Piston having an improved barrel portion, and a compressor using the same

Abstract

For being slidably inserted into a cylinder bore defined by a cylindrical surface extending in a predetermined direction, a piston (8) has a head portion (81) extending perpendicular to the predetermined direction and a barrel portion (82) connected to the head portion. The head portion has an outer circumferential portion which is close to the cylindrical surface when the piston is inserted in the cylinder bore. The barrel portion has at least three wall portions (82a, 82b, 82c) which are extended from the outer circumferential portion in the predetermined direction. The wall portions are arranged in a circumferential direction to form a substantially cylindrical shape in cooperation with one another.

Description

BACKGROUND OF THE INVENTION

The present invention relates in general to a piston and more particularly to a piston suitable for a compressor such as a swash plate type compressor.

A piston of the type is disclosed in Japanese Patent Unexamined Publication No. 9-105380/1997, which will be shown in FIG. 3 of the attached drawing. The piston is indicated by reference numeral 8 in FIG. 3 and has a head portion 81 of a hollow structure and a shoe receiver 84.

The piston shown in FIG. 3 has a hollow head portion 81 and, therefore, has an advantage that it is light weighed. However, in an integral formation of the piston by casting, it is almost impossible to form the head portion in a hollow structure. Thus, the piston is formed by a casting method by dividing the entire structure into two parts and then the two parts should be coupled together by welding. This results in a substantial increase in production cost.

Another piston of the type is disclosed in Japanese Patent Application No. 9-126899 earlier filed by the present applicant (assignee), which is shown in FIG. 4 of the drawing. The piston 8 of FIG. 4 has a head portion 81, a shell or barrel portion 82 connected with the head portion 81, and a shoe receiving portion 84. The barrel portion 82 has a U-shaped sectional shape at a surface intersecting at right angles to a reciprocal moving direction of the piston 8.

The piston of FIG. 4, on the other hand, has solved the problem of the piston of FIG. 3. Since the head portion 81 of FIG. 4 is of a solid structure, the barrel portion 82 having a U-shaped sectional shape, it can be produced integrally or entirely by casting.

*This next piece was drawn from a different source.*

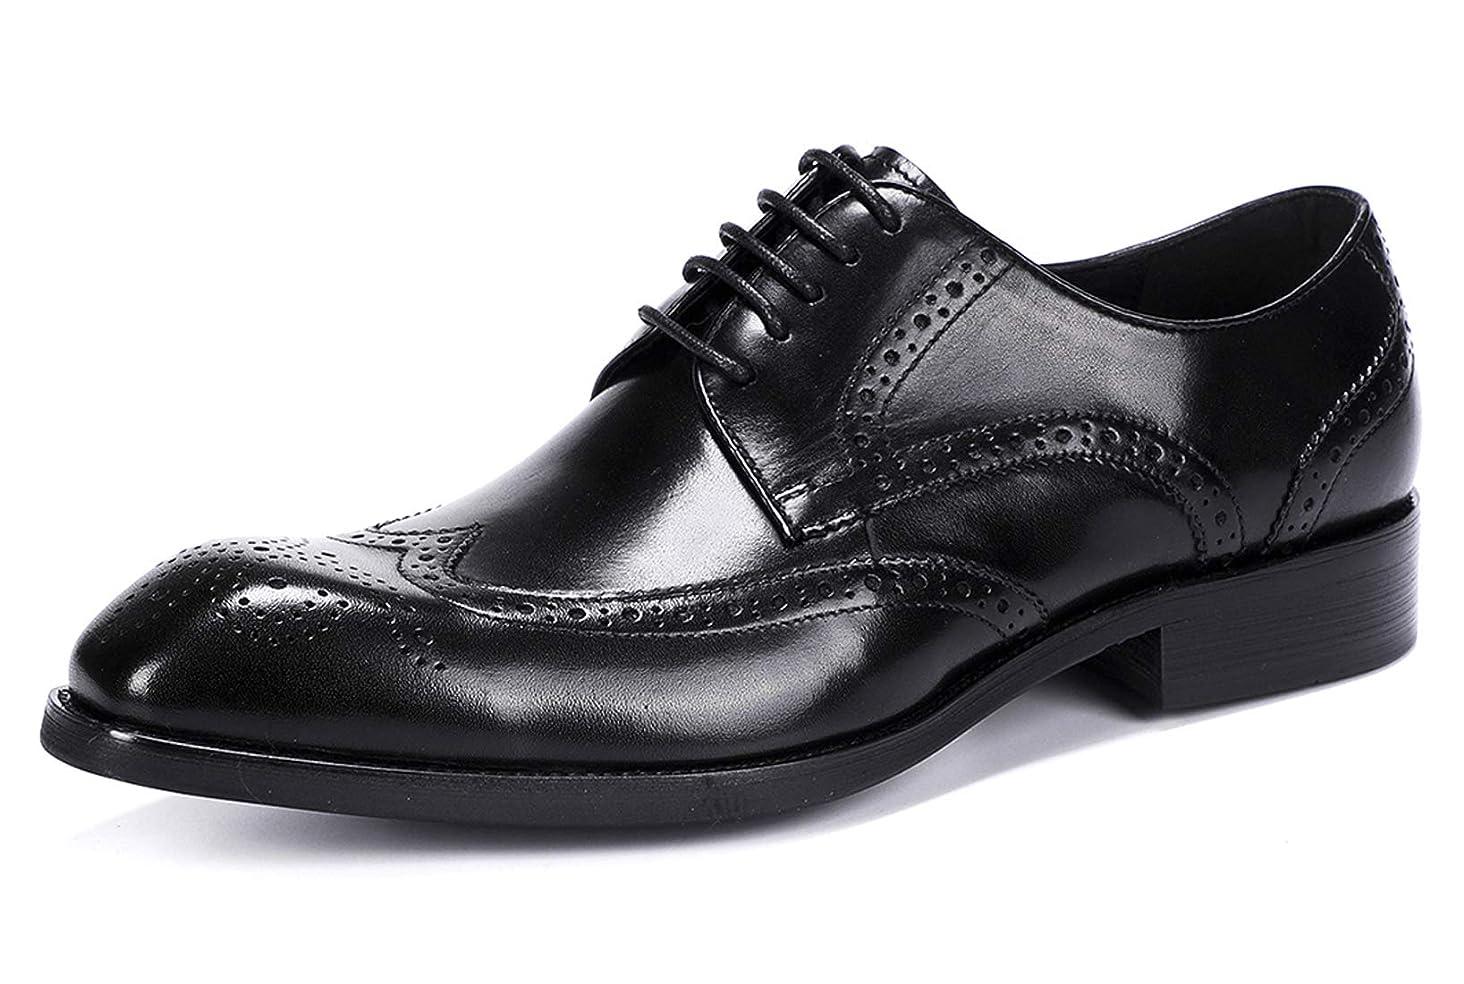 Wingtip Lace-Up Oxford Shoes for Men - Mens Leather Dress Shoes,Brogue Formal Shoes,Derbies Shoes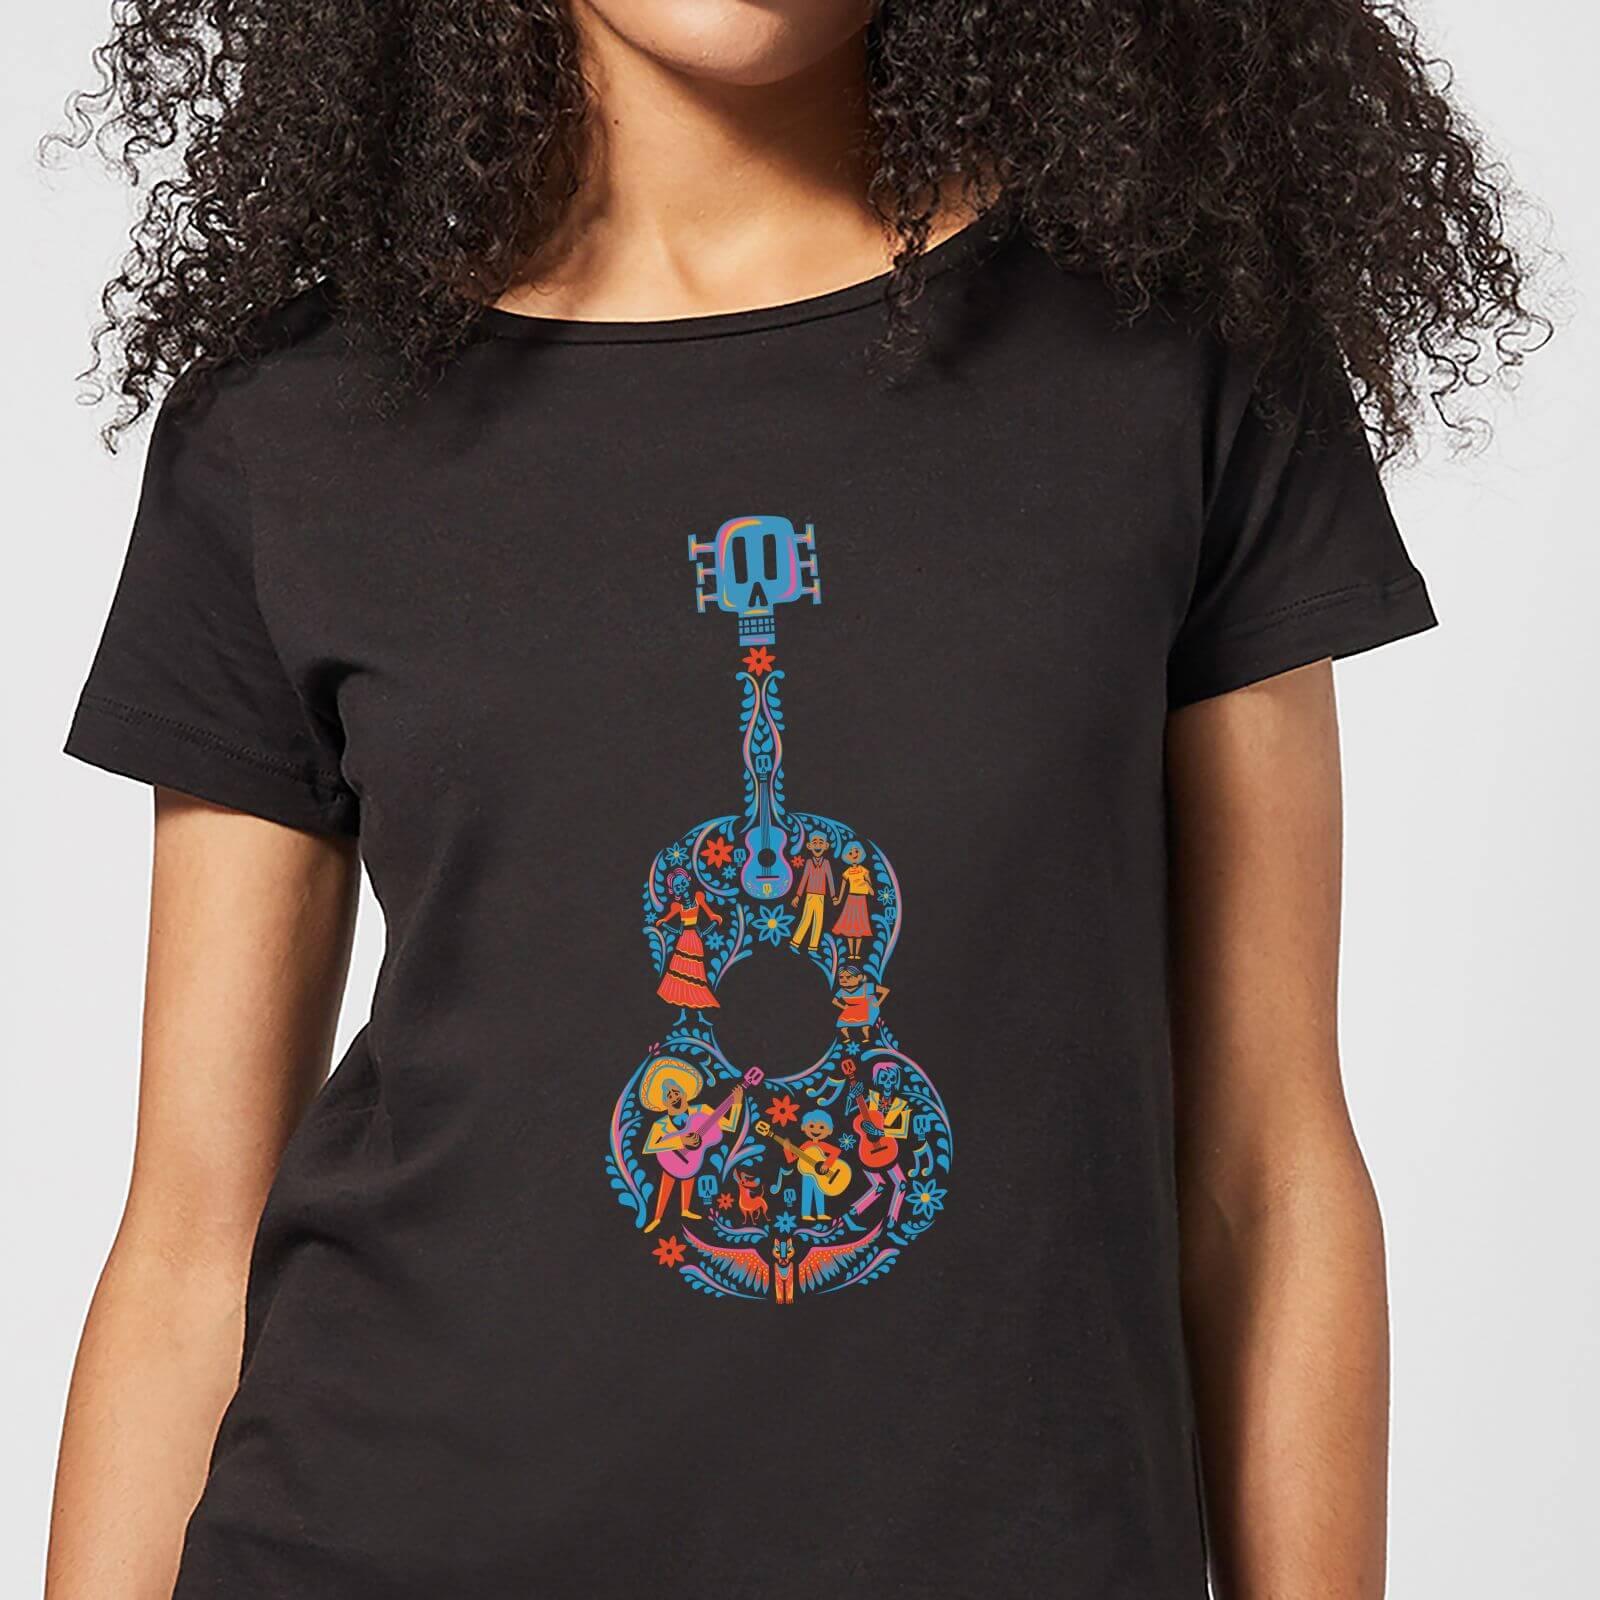 Disney Coco Guitar Pattern Women's T-Shirt - Black - XXL - Black

Accordingly, the production cost can be reduced relative to the piston of FIG. 3. However, in the piston of FIG. 4, when the piston 8 is slidably inserted into a cylinder bore (not shown), a deviation or offset of the piston 8 in the direction intersecting at right angles to a center of the cylinder bore can not be restricted by the barrel portion 82 and, therefore, it is likely that an opening side of the barrel is abnormally worn out, resulting in considerable reduction of durability.

SUMMARY OF THE INVENTION

It is therefore an object of the present invention to provide a new and improved piston which permits reduction of cost and weight and has a considerable durability.

It is another object of the present invention to provide a compressor using the piston.

Other objects of the present invention will become clear as the description proceeds.

According to an aspect of the present invention, there is provided a piston for being slidably inserted into a cylinder bore defined by a cylindrical surface extending in a predetermined direction. The piston comprises a head portion extending perpendicular to the predetermined direction and having an outer circumferential portion which is close to the cylindrical surface when the piston is inserted in the cylinder bore, and a barrel portion connected to the head portion. In the piston, the barrel portion comprises at least three wall portions which are extended from the outer circumferential portion in the predetermined direction and arranged in a circumferential direction to form a substantially cylindrical shape in cooperation with one another.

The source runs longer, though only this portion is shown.